M. AXWORTHY - ALLOCUTION À L'OCCASION DE LA SÉANCE DU CONSEIL DE SÉCURITÉ DES NATIONS UNIES CONSACRÉE AUX ARMES LÉGÈRES - NATIONS UNIES, NEW YORK
99/50 SOUS RÉSERVE DE MODIFICATIONS
NOTES POUR UNE ALLOCUTION
DE
L'HONORABLE LLOYD AXWORTHY,
MINISTRE DES AFFAIRES ÉTRANGÈRES,
À L'OCCASION DE LA SÉANCE DU CONSEIL DE SÉCURITÉ DES
NATIONS UNIES CONSACRÉE AUX ARMES LÉGÈRES
NATIONS UNIES, New York
Le 24 septembre 1999
(14 h 15 HAE)
La prolifération, l'abus et l'accumulation excessive des armes légères préoccupent au plus haut point
le Conseil de sécurité.

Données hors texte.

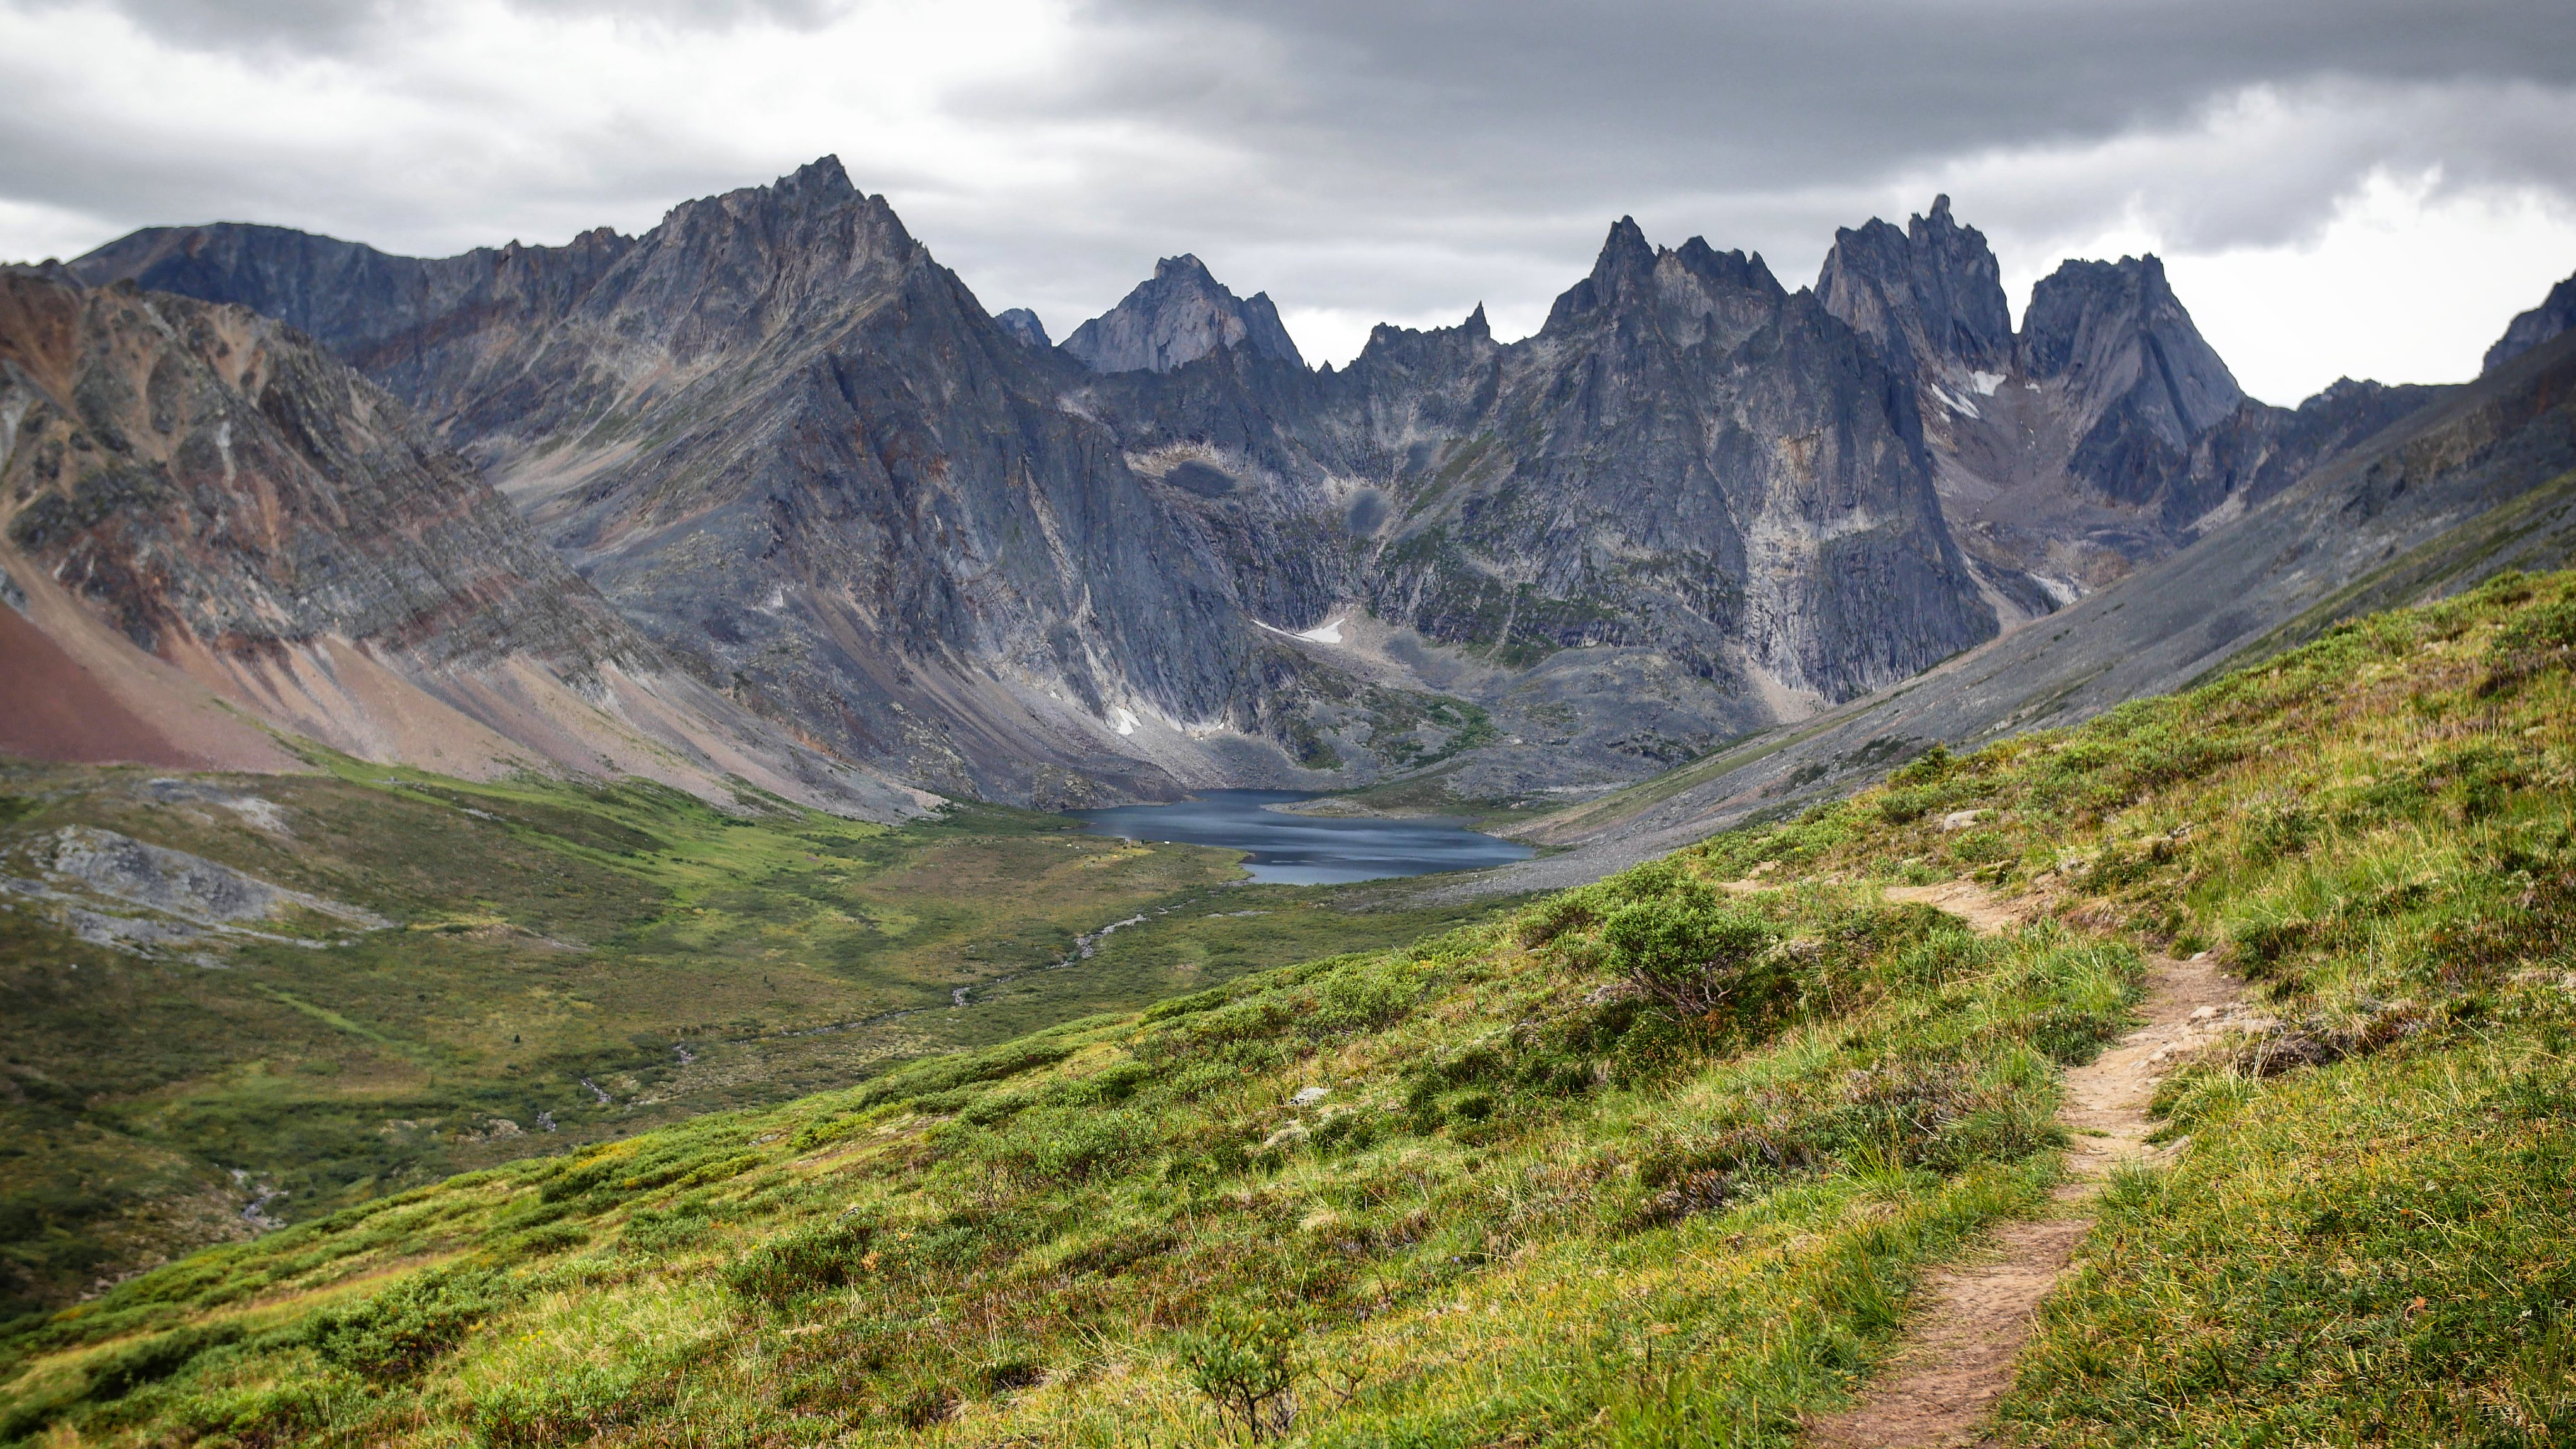 Tombstone Territorial Park, Yukon, Nick's favorite destination

Je souhaite remercier les Pays-Bas d'avoir pris l'initiative d'attirer l'attention du
Conseil sur cette question d'une importance cruciale.
La semaine dernière, le Conseil s'est saisi du rapport du secrétaire général sur la protection des civils
dans les situations de conflit armé. Ce document constitue un plan directeur visant à faire de la
sécurité des populations un volet central des travaux du Conseil. Tel était l'objectif que poursuivait le
Canada lorsqu'en février dernier, il a prié le Conseil de demander ce rapport.
Il est littéralement impossible de protéger les civils si on n'endigue pas le mouvement des armes
légères. De nos jours, ces armes sont les principaux instruments de guerre. On s'en sert pour tuer,
pour mutiler et pour terroriser des gens -- pour la plupart, des personnes innocentes et, pour la
majorité d'entre elles, des civils. Au cours de la dernière décennie seulement, 46 des 49 conflits qui ont
assombri notre monde ont été menés principalement ou exclusivement au moyen d'armes légères.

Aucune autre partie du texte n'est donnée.